Dal 21 al 27 agosto si terrà la quarta edizione del Jam of Arts festival dedicato alla contact, all’improvvisazione, alla voce (metodo Liknlater), alla performance, all’impro-music e al Feldenkrais. L’obiettivo del festival è quello di offrire ai partecipanti l’opportunità di studiare contact ed altre arti ed avere così nuove esperienze ed esplorare nuovi modi di percepire e di agire. Il festival si svolgerà in Grecia ad un kilometro e mezzo di distanza dal paese Nea Kallikratia (zona Chalkidiki), in un bellissimo campeggio dotato di tutti i comfort, situato a pochi metri dal mare. Gli insegnanti ospiti di questo anno sono:

Charlie Morrissey (5 lezioni – 15 ore)
Antonella Voce (3 lezioni – 6 ore)
Christina Klissiouni (3 lezioni – 6 ore)
Ippokratis Veneris (3 lezioni – 6 ore)
Roberto Bellatalla (2 lezioni – 4 ore)
Stella Topalidou (3 lessons – 5 hours)
Jams – musica dal vivo
One to One sessions

Spazi performativi
Visita di altri posti

Per partecipare al festival non c’è bisogno di essere danzatori o artisti, il festival si rivolge a persone che vogliono sperimentare le arti e il movimento, indipendentemente dal fatto che abbiano precedenti esperienze.
L’obiettivo è quello di esplorare le diverse competenze e capacità che esistono dentro di noi e divertirsi oltre che studiare!

Charlie Morrissey è un regista / coreografo, performer, insegnante, e ricercatore, e ha lavorato nel campo della performance in tutto il Regno Unito e a livello internazionale negli ultimi 25 anni. Crea eventi site-specific su grande e piccola scala e performance in teatri e gallerie e in vari contesti e luoghi; organizza e collabora in una varietà di progetti di ricerca; performa e collabora nel lavoro di altri artisti. Ha un rapporto di lavoro significativo e tuttora in corso con Steve Paxton, Siobhan Davies, Lisa Nelson, Kirstie Simson, Scott Smith, Katye Coe, Katie Duck e molti altri. I progetti recenti e futuri includono “Io sono un robot” – un assolo alla Hayward Gallery, Londra; In preparazione una performance con Katye Coe e il filosofo Alva Noë e l’artista Graeme Miller eseguita a Saddlers Wells, London; Sentimental Project – una residenza con Siobhan Davies danza al Barbican, London; Le provette con Rosemary Butcher a Berlino; On Off – un assolo eseguito a Tanzwerkstatt Europa a Monaco di Baviera; una commissione da Siobhan Davies Danza e una collaborazione con l’artista visivo Annie Catrell e Andrea Buckley e Marius Kwint.
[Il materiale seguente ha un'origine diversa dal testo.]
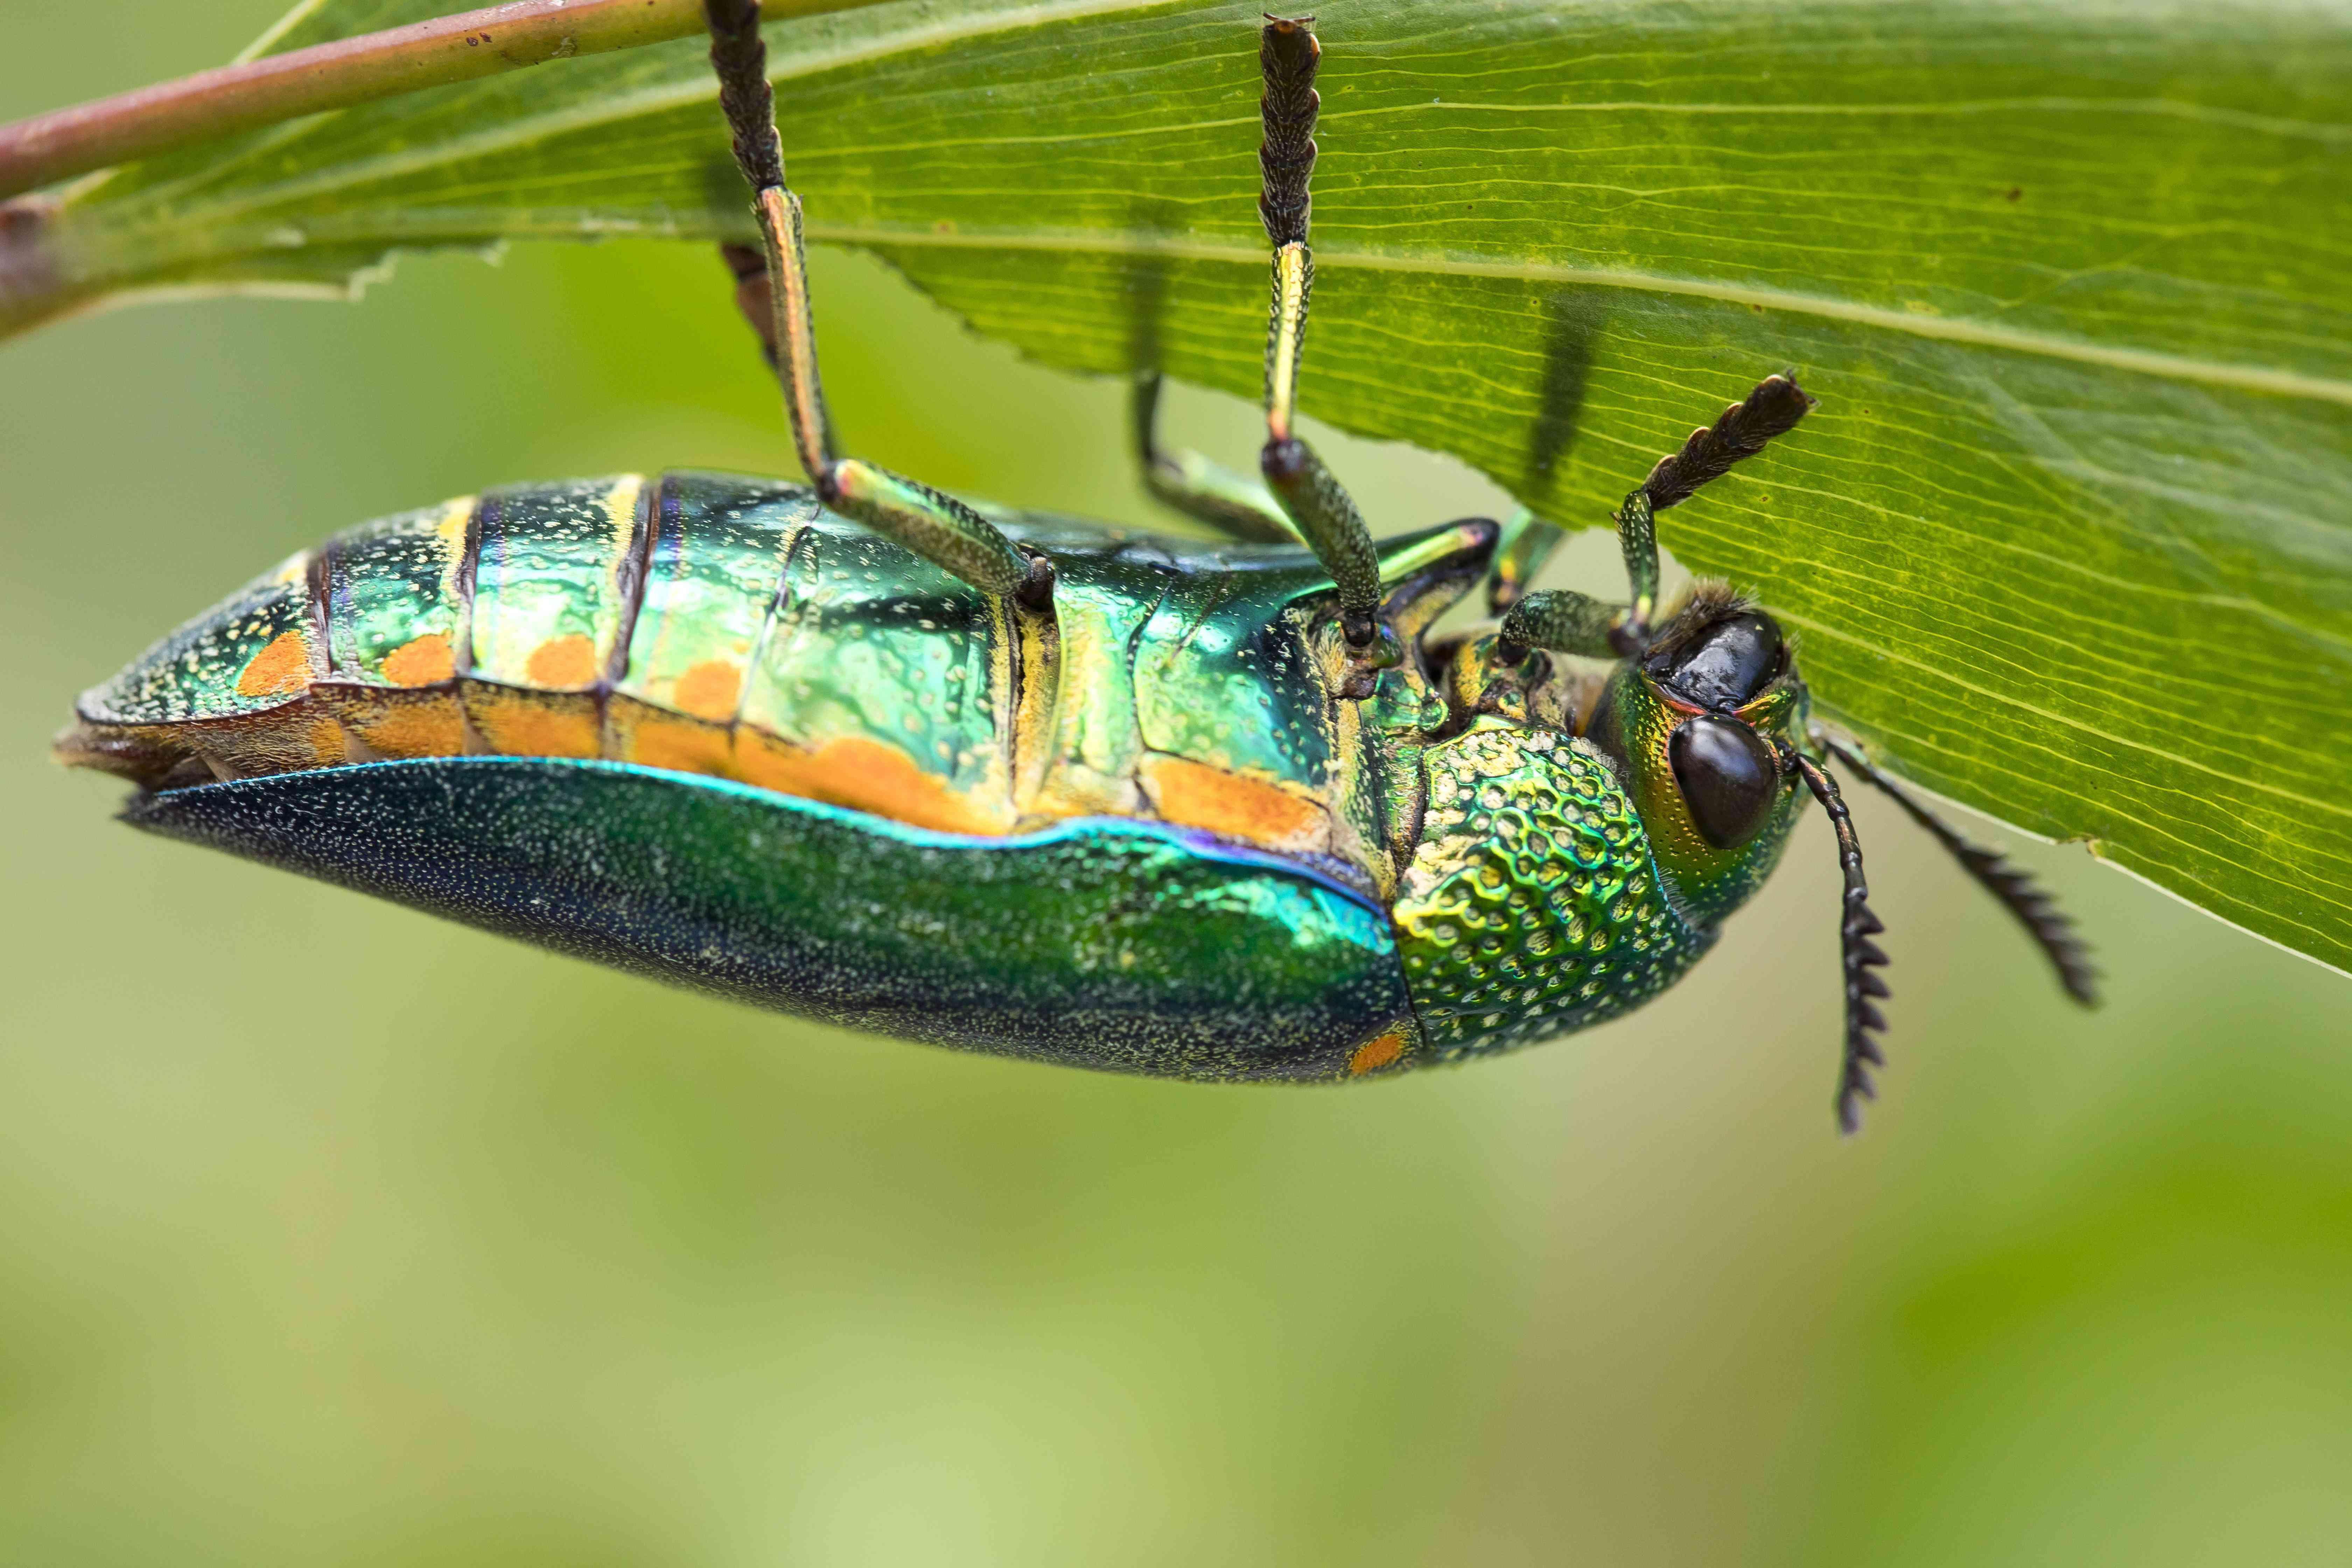 Jewel beetle upside down, eating a leaf

Titolo del workshop: Immaginando un corpo in movimento

Questo workshop giocherà con i miei interessi attuali che ho nel modo in cui la percezione, l’immaginazione, la fisiologia e la fisica sono in un intergioco costante nel movimento umano. Lavoreremo con immagini ed esercizi che cambiano il modo in cui sperimentiamo i nostri corpi come ci muoviamo.

Sono influenzato da materiale di Steve Paxton sulla colonna vertebrale, gli studi di Lisa Nelson sui “Tuning Scores e la Contact Improvisation”, e le mie ricerche in corso e quelle in collaborazione sul movimento e i rapporti mente / corpo.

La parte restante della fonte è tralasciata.